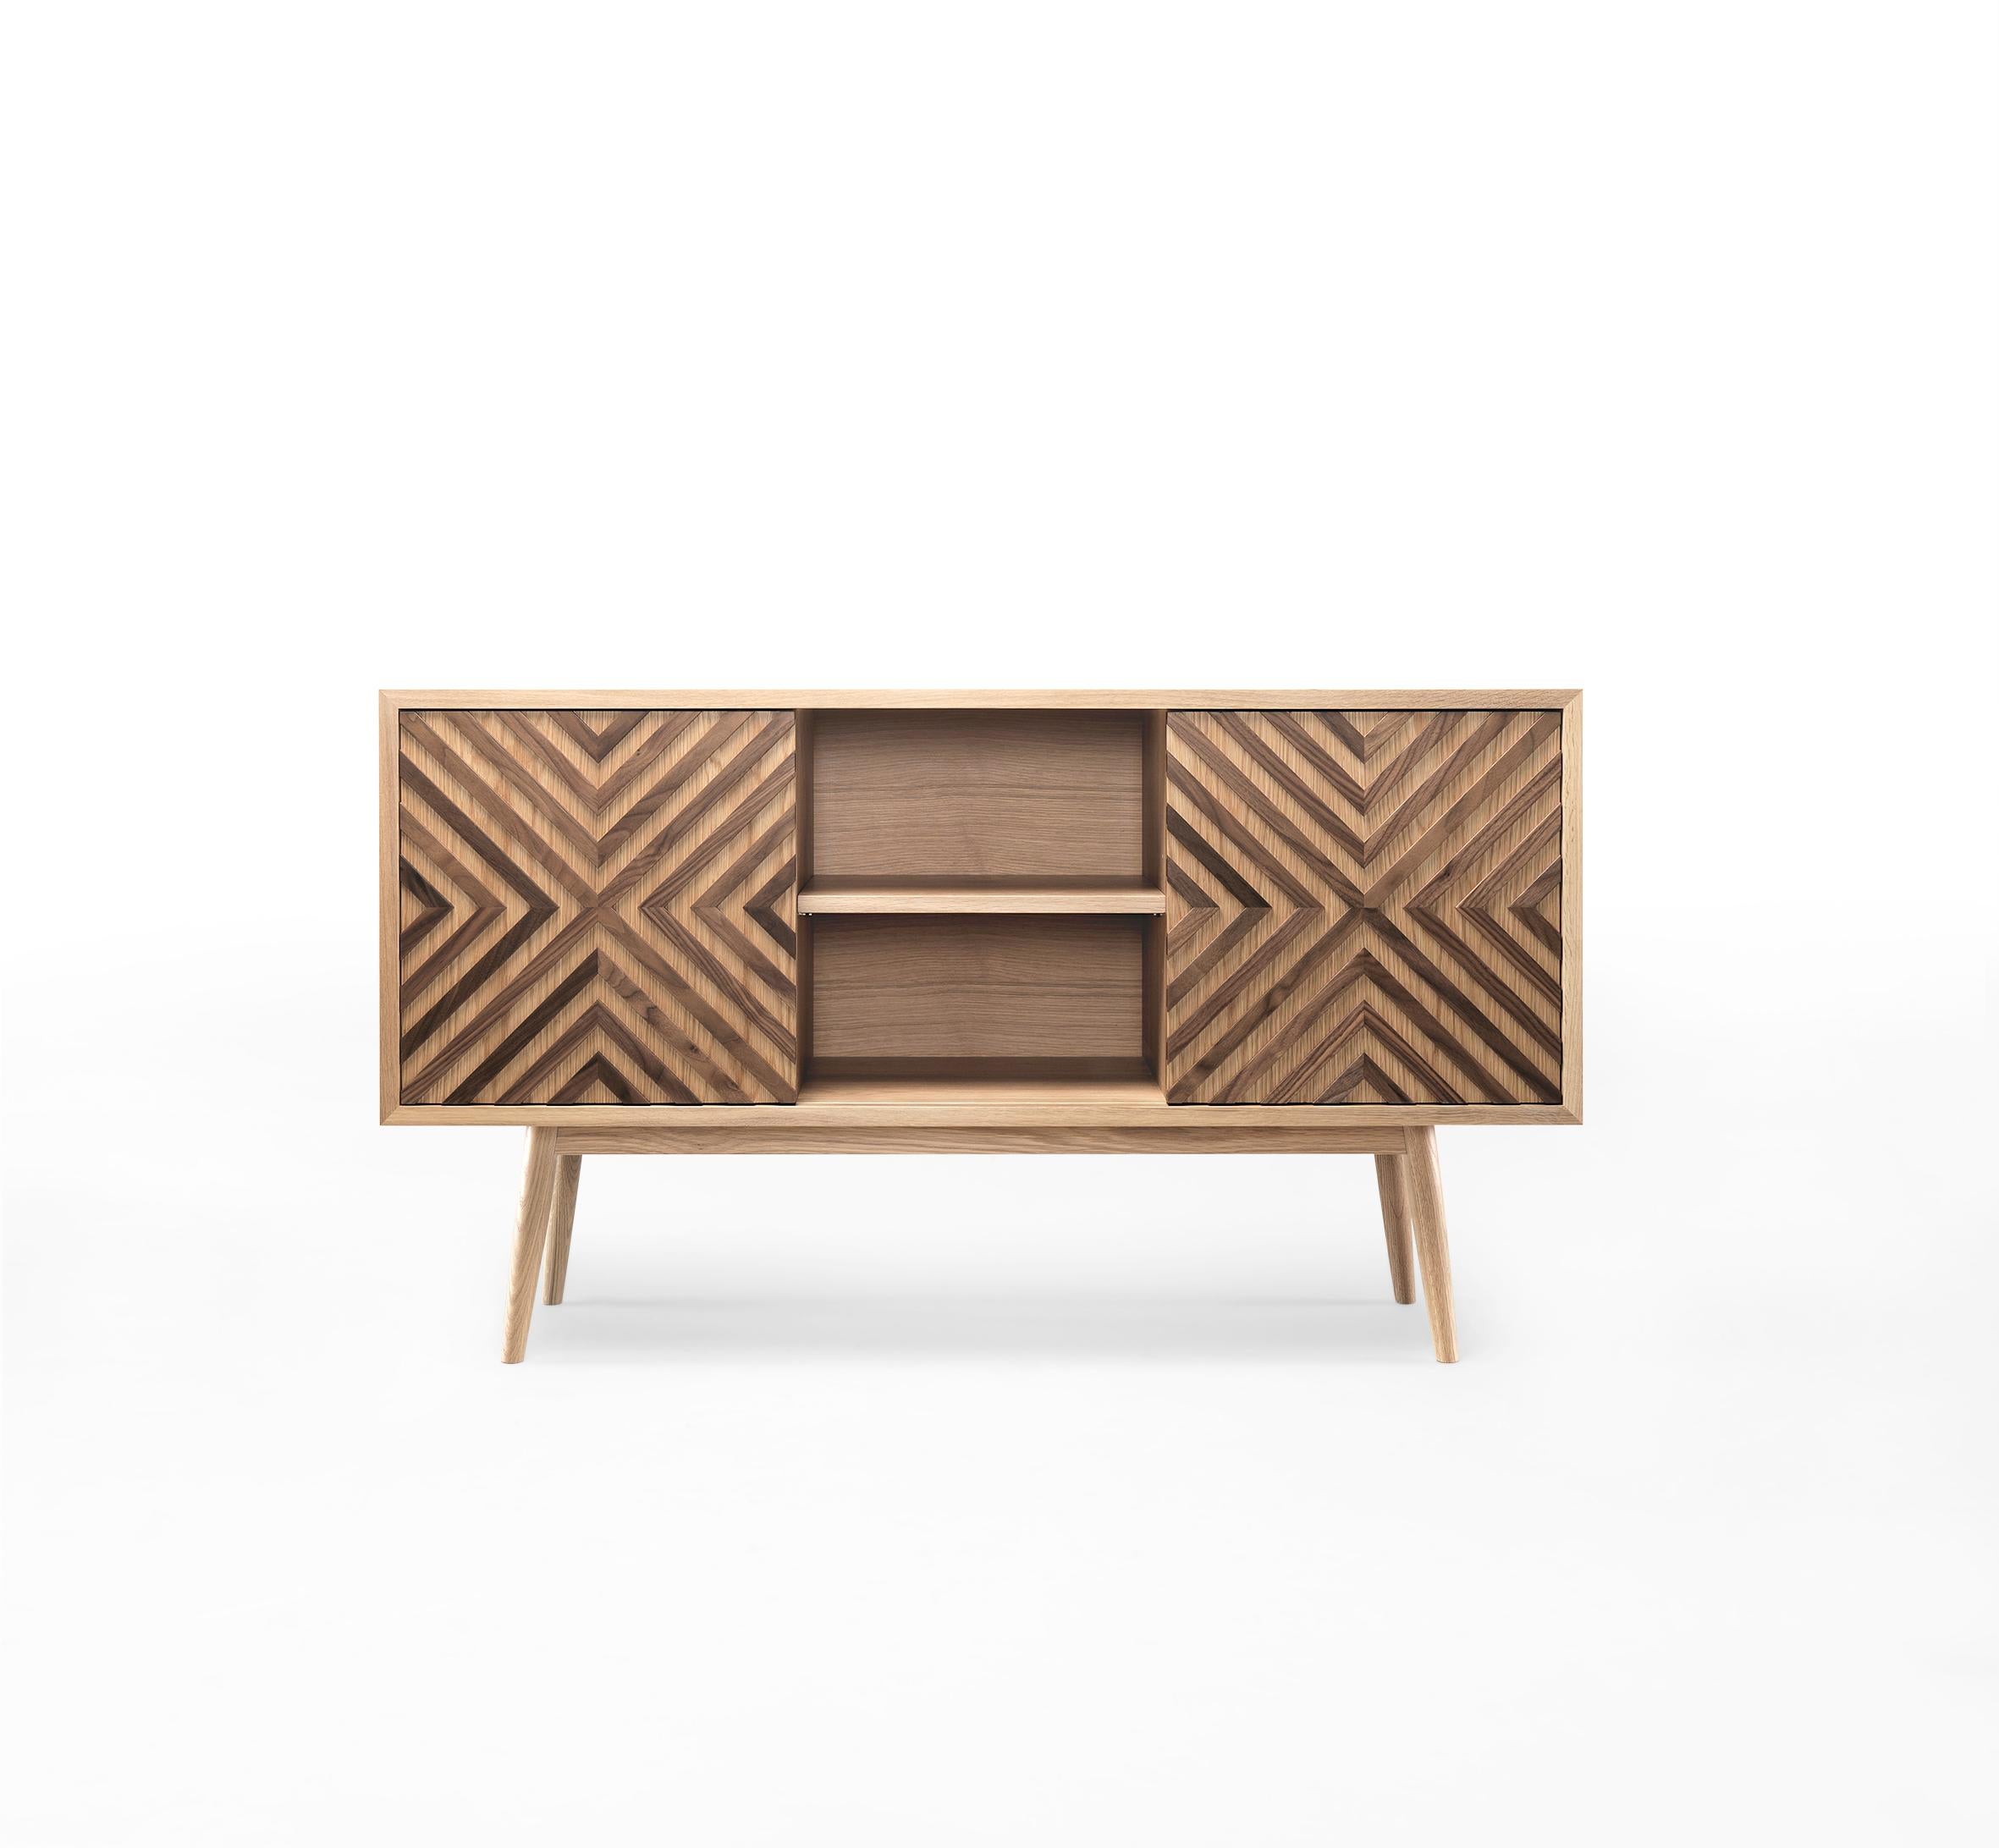 Very elegant sideboard all in solid wood piece.
The details in the doors are in oak and walnut.
Two cupboards, two drawers and on open space with adjustable shelves.
Packed in a plywood box.
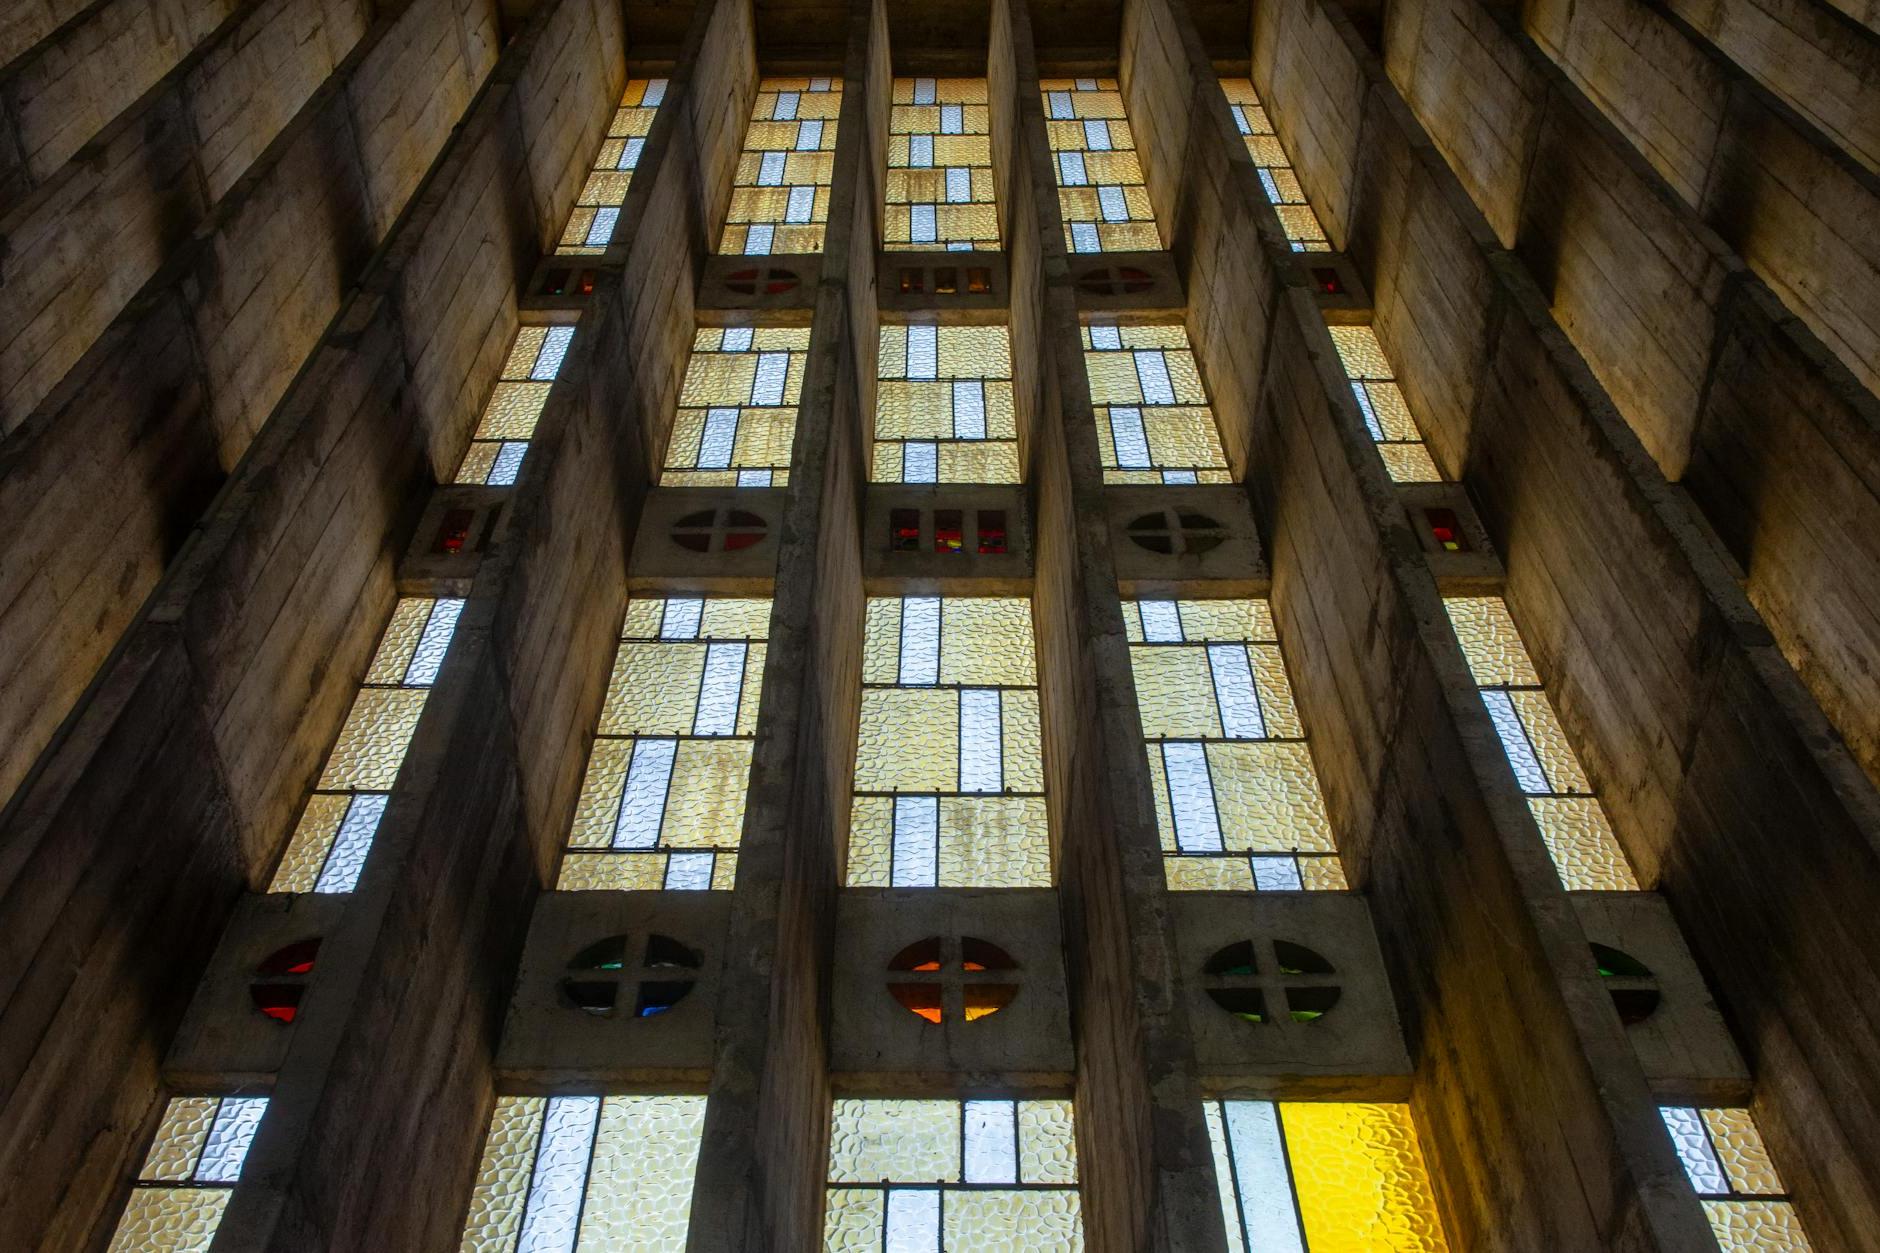 The stained glass windows of a cathedral
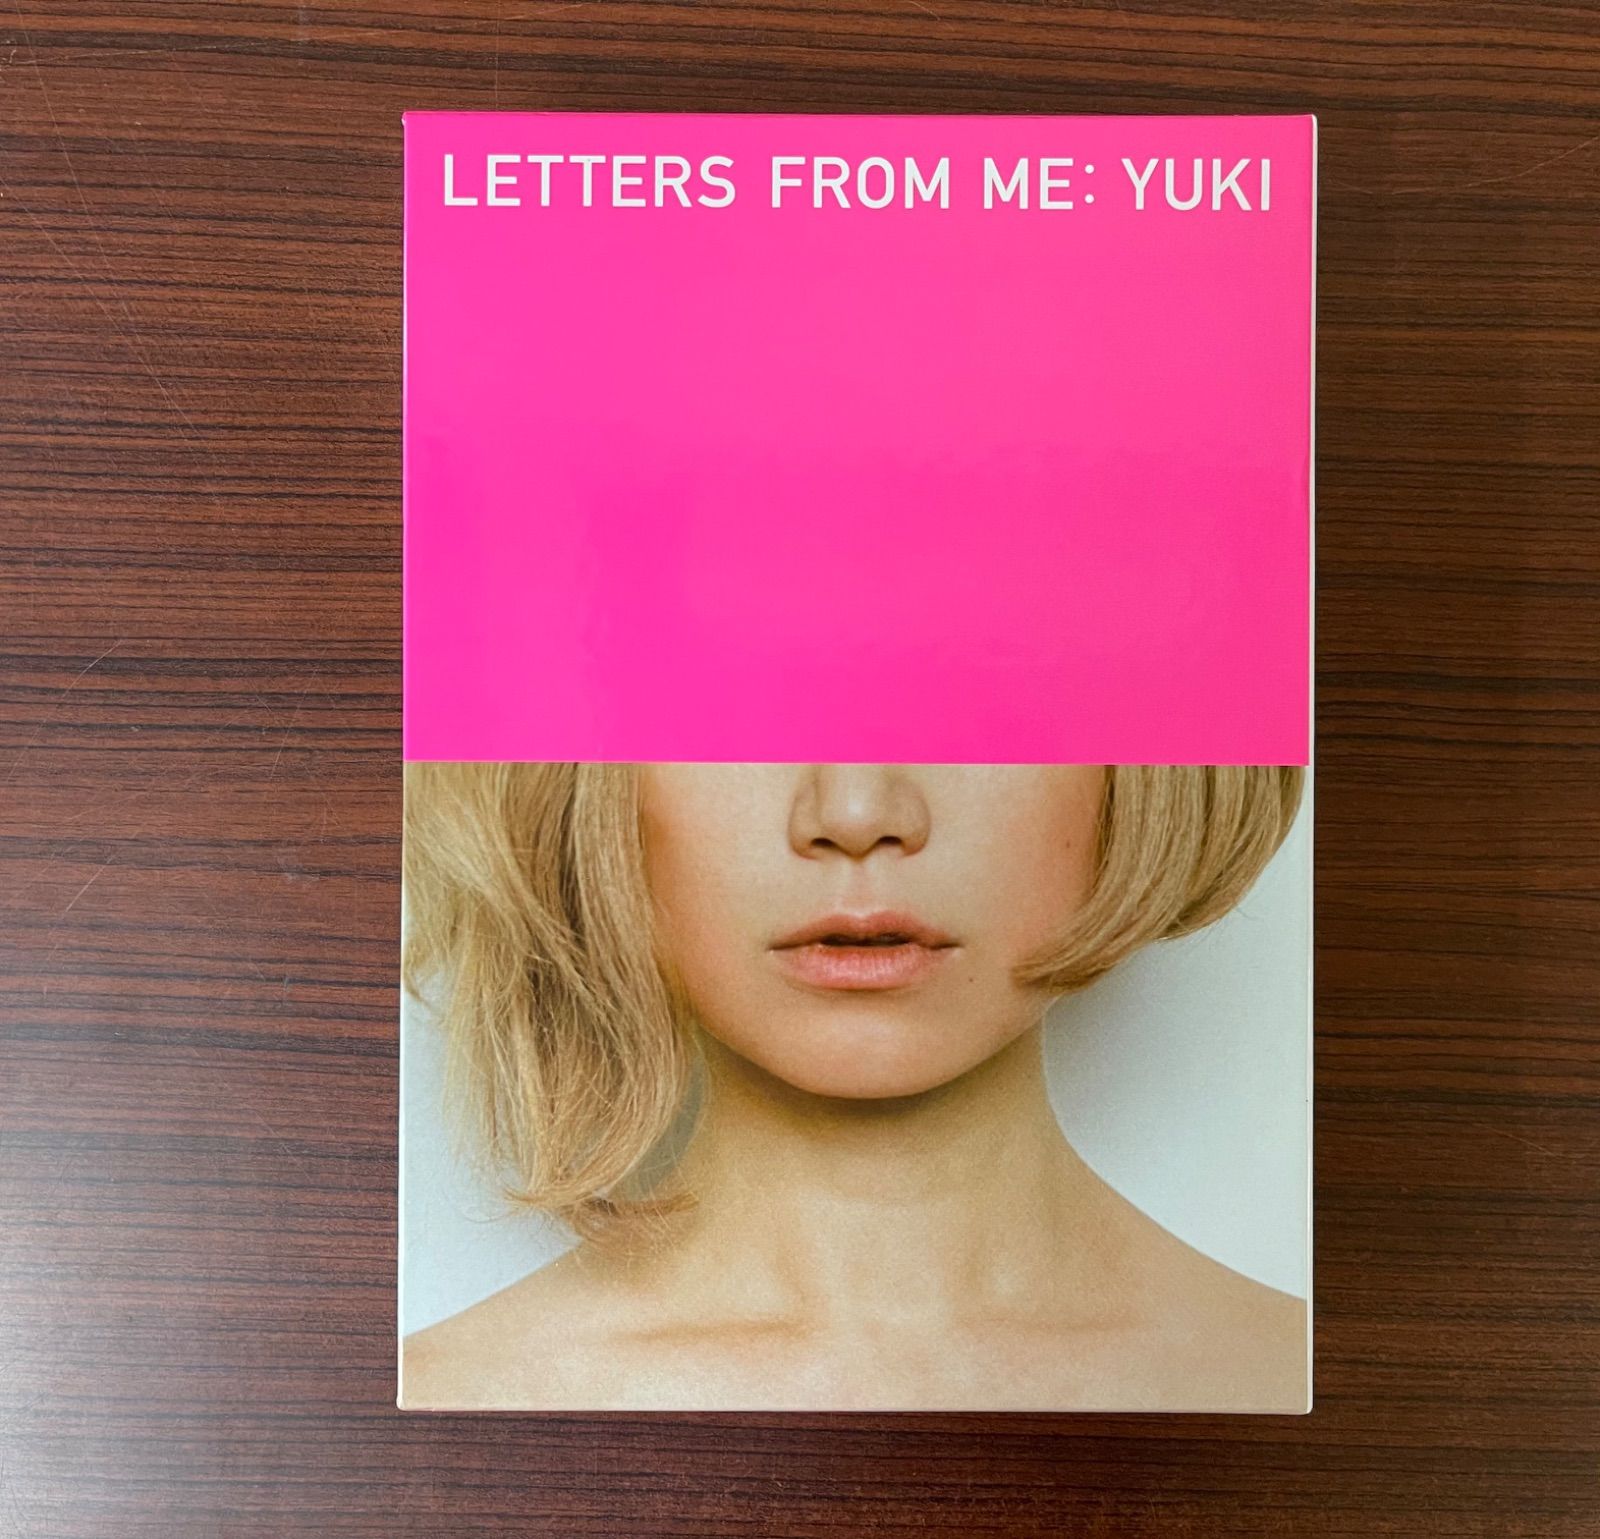 LETTERS FOR ME: YUKI

..............................

__WHAT YOU WILL DO__. What I need is every record written out exactly, minus the pictures.

__TASK OUTPUT__.
 Very elegant sideboard all in solid wood piece.
The details in the doors are in oak and walnut.
Two cupboards, two drawers and on open space with adjustable shelves.
Packed in a plywood box.
 The stained glass windows of a cathedral
 LETTERS FOR ME: YUKI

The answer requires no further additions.